Solar - September 15, 2021
The Nature Conservancy Oversees 50 MW Solar Project on Former Mine
The Nature Conservancy announced Sept. 13 that it will be completing an installation of a 50 MW solar array on a former surface mine in Southwest Virginia.
The organization will be working with Dominion Energy Virginia on what will be one of the first utility-scale solar projects on a former surface mine. The Highlands Solar project will span roughly 1,200 acres across the former Red Onion mine and generate enough electricity for Dominion Energy to power 12,500 homes.
The project will be managed by The Nature Conservancy and owned by the Cumberland Forest, LP impact investment fund.
Combined with two other utility-scale solar projects constructed by The Nature Conservancy on former Virginia mines, the total capacity of the Cumberland Forest projects will total around 120 MW.
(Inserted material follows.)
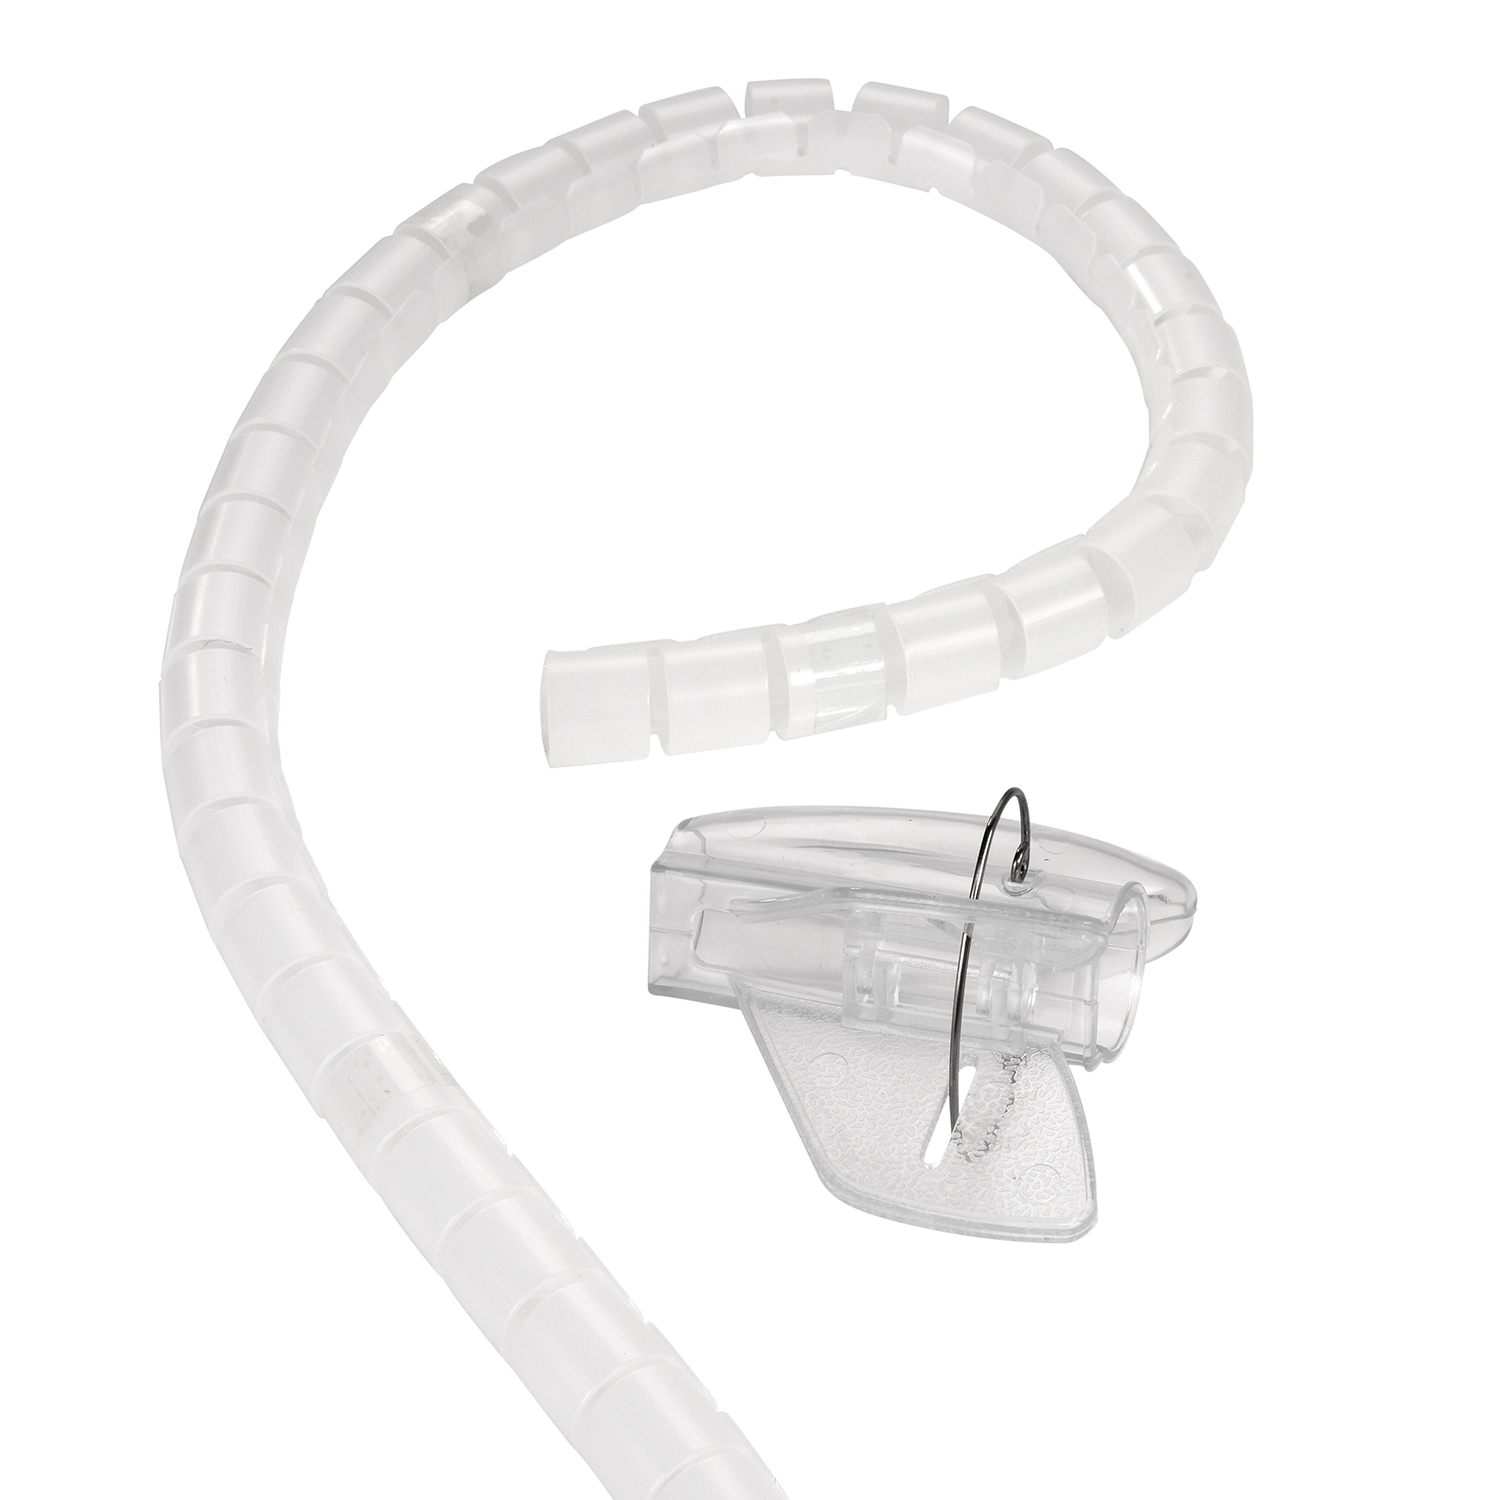 Kabelschlauch, Spiral-Kabelschlauch Transparent Premium 1,5m TPFNET Transparent, 30mm, Einfädelhilfe, mit

“Southwest Virginia and the wider Central Appalachian coalfields have an important role to play in the renewable energy economy,” Brad Kreps, director of The Nature Conservancy's Clinch Valley Program, said in a statement. “Some of the region's former mined lands are well suited for solar development and by directing development towards these areas it will help us conserve the region's intact forests for wood products, carbon storage, wildlife habitats, outdoor recreation and tourism. By collaborating with Dominion Energy and other companies on these initial projects, we hope to develop a model that can be replicated in other coal mining regions across the U.S.”
The new project will support the Virginia Clean Economy Act, which calls for Dominion Energy Virginia to produce 100% clean electricity by 2045. The Virginia General Assembly has also pursued legislation encouraging the redevelopment of former mined lands and brownfields for renewable energy projects.